Perhaps it would help if you would show us what you know about helping people kindly admitting to getting punked. You can't expect people to suddenly be aware of it by condescending and giving rude remarks.
The oligarchs and their conservative storm troopers made it clear to Obama that if he strayed too far from the path Bush set other than in lip service to progressive causes, they would not only make sure he was not re-elected, but would make him and his family regret they were ever born.
How else could you explain it? To believe he planned to fool his supporters before the election would be to believe in a conspiracy to commit one of the greatest frauds ever perpetrated on the American electorate.
Nonsense. He's always been a Republican in Democrat's clothing. His record in the U.S. Senate and the Illinois legislature proves it. His progressive posture was always a facade.
I'm going by the Republican's election claims that he was the most liberal Senator of all.
Why in the hell would you believe Republican election claims?
ezeflyer August 9th, 2009 2:45 pm............And why not believe it......they pulled off 9/11. Do you seriously believe BHO would be there if TPTB did not want it? C'mon!
The power resides in a much privatized, authoritarian, conservative and mostly Republican military that any liberal defies at his peril. We witnessed a non-violent fascist coop in 2000. Their next one is likely to be bloody.
ezeflyer August 9th, 2009 6:26 pm.............You got it! Not too long ago, I doubted they would dare spill American civilian blood. Why kill the goose with the golden taxpayer egg. But, since then, an enormous theft of middle and upper middle class wealth has been pulled off with little blowback. Blood may be next since little is left to take.
My God. Has the smell of that coffee wafted clear to the Times?

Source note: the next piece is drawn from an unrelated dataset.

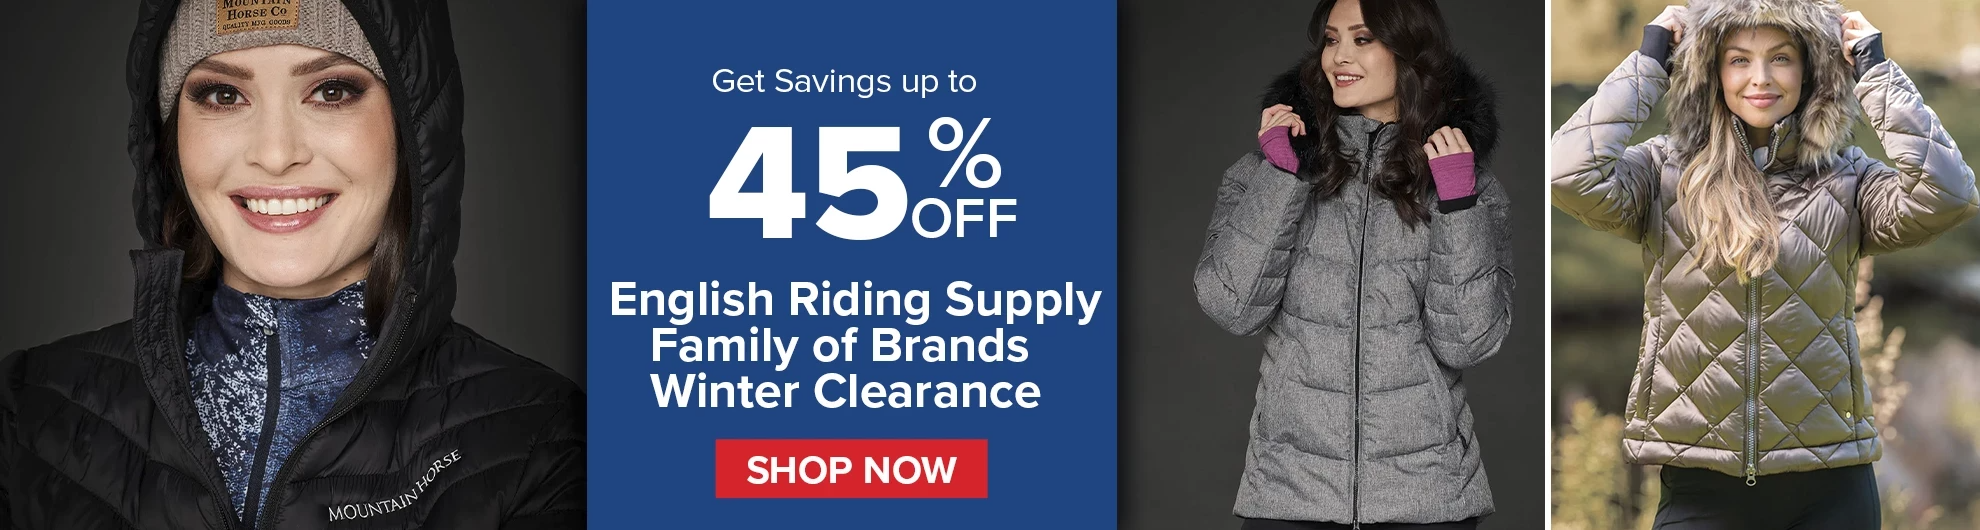 English Riding Supply Brand Clearance

We need to make publicly financed campaigns the law of the land, not an option for candidates.
We need to adopt term limits for Congress as well as the President. Two terms for Senate, one term House. This demands the politicians work from an actual platform, a political philosophy, and not from a cult of personality and "star power." It also promotes greater public involvement in the process.
We need to outlaw private lobbying, behind closed doors, by special interests. Bring the lobbyists and their corporate employers to congressional hearings to present their case openly, in the public eye and on the public record.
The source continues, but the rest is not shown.